The arbitrator found that while employers had the right to exercise management rights, it was open to arbitrators to review that exercise of management rights and they had the authority to intervene if an employer was acting “in a manner that defeats specific collective agreement rights.”
Looking at the case precedents, the arbitrator found “while remedies for harassment grievances have been granted by arbitrators for many years, there is not a single decision where an order requiring an employer to discipline or terminate an employee has ever been issued.” This was because a rational connection between the remedy and the breach of the collective agreement must exist and there has never been “a rational connection between the safety of the workplace and the employer’s legal relationship with the offending employee, as opposed to the offending employee’s involvement and conduct while in the workplace,” said the arbitrator.

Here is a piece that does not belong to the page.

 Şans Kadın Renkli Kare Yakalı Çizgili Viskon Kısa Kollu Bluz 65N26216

For there to be a rational connection between ensuring the harassed employee’s safety and terminating the supervisor, “it would have to be determined that a safe workplace was dependent on actions that went beyond the workplace, extending to how the employer managed its relationship with parties outside the collective bargaining relationship and outside the collective agreement. I cannot imagine on what facts that could possibly be established,” said the arbitrator.

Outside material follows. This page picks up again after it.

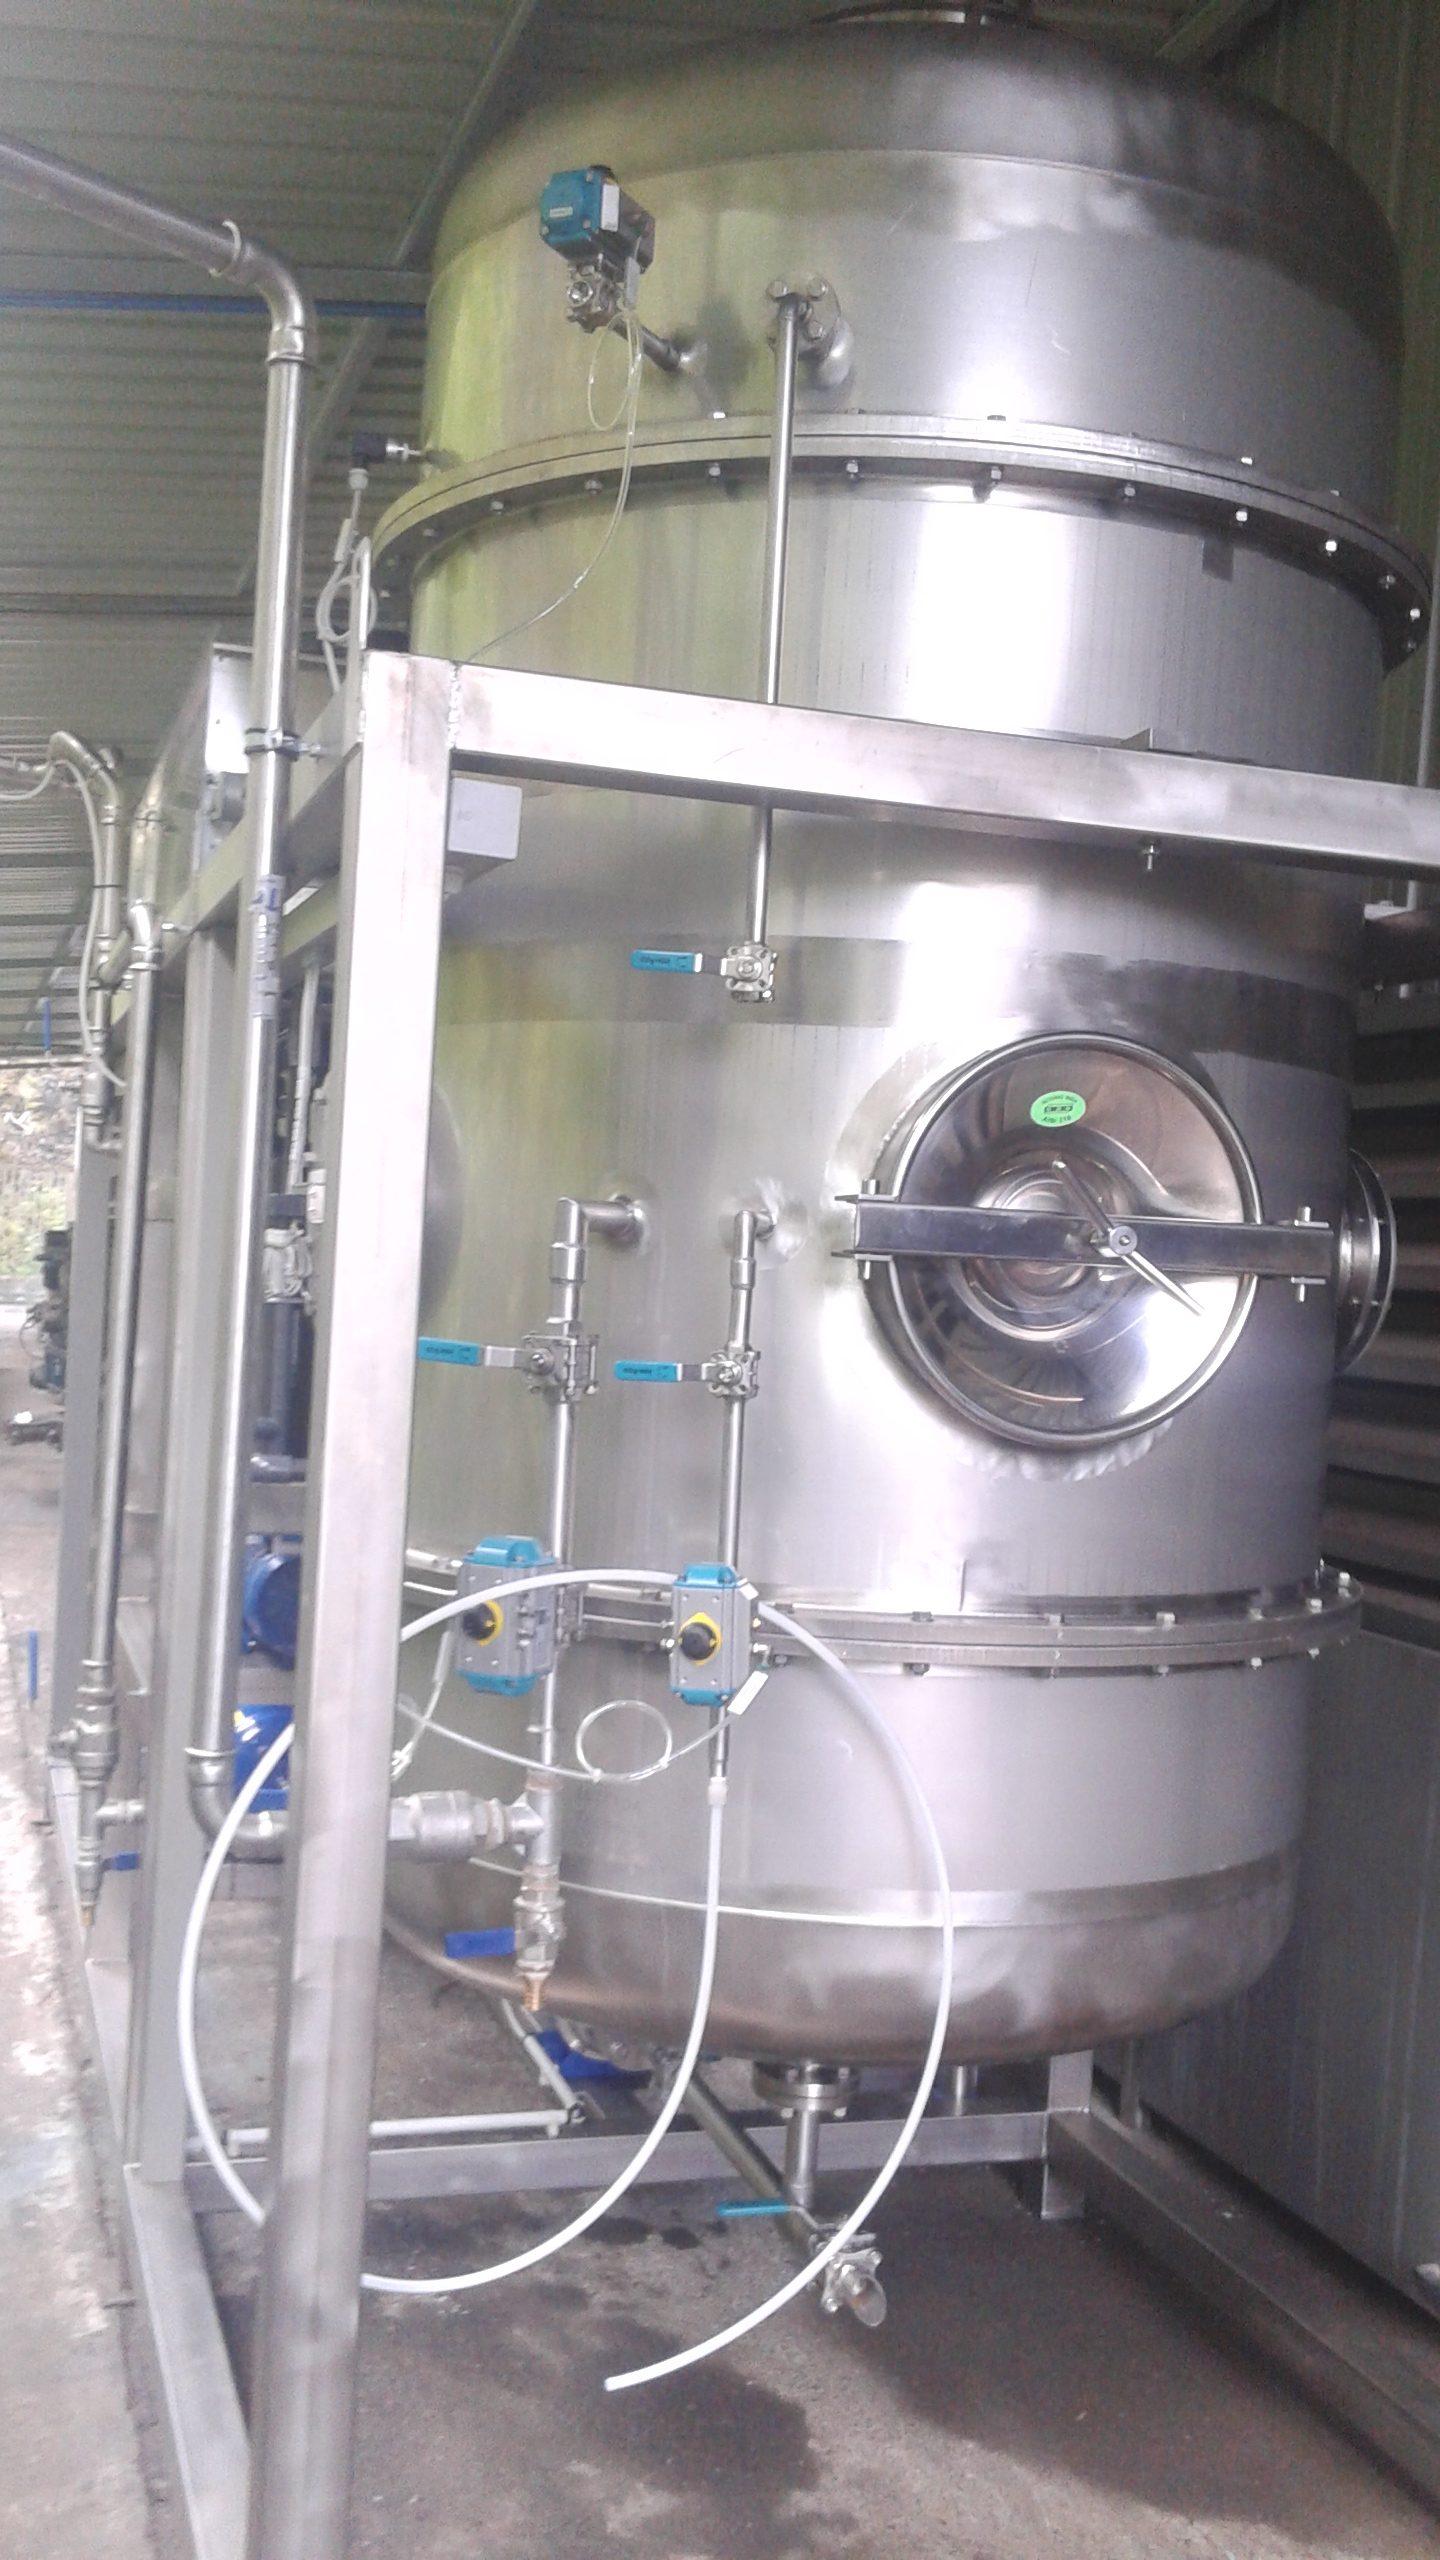 caldera Evaporador 1 rotated

The arbitrator disagreed with the supervisor’s assertion that an order to discipline or terminate him would be illegal, as the TCHC had the right to terminate him with or without cause with enough reasonable notice or pay in lieu, if necessary.
The arbitrator also found there were no allegations that the harassment had continued in the two years following the filing of the grievances, so the union could not establish that “a harassment-free workplace cannot be achieved without the remedy of discipline or termination of (the supervisor).”The arbitrator allowed TCHC’s preliminary motion that there was no basis for a remedial order to discipline or terminate the supervisor’s employment. See Toronto Community Housing Corp. and CUPE, Local 79 (Zhang), Re, 2015 CarswellOnt 10237 (Ont. Arb.).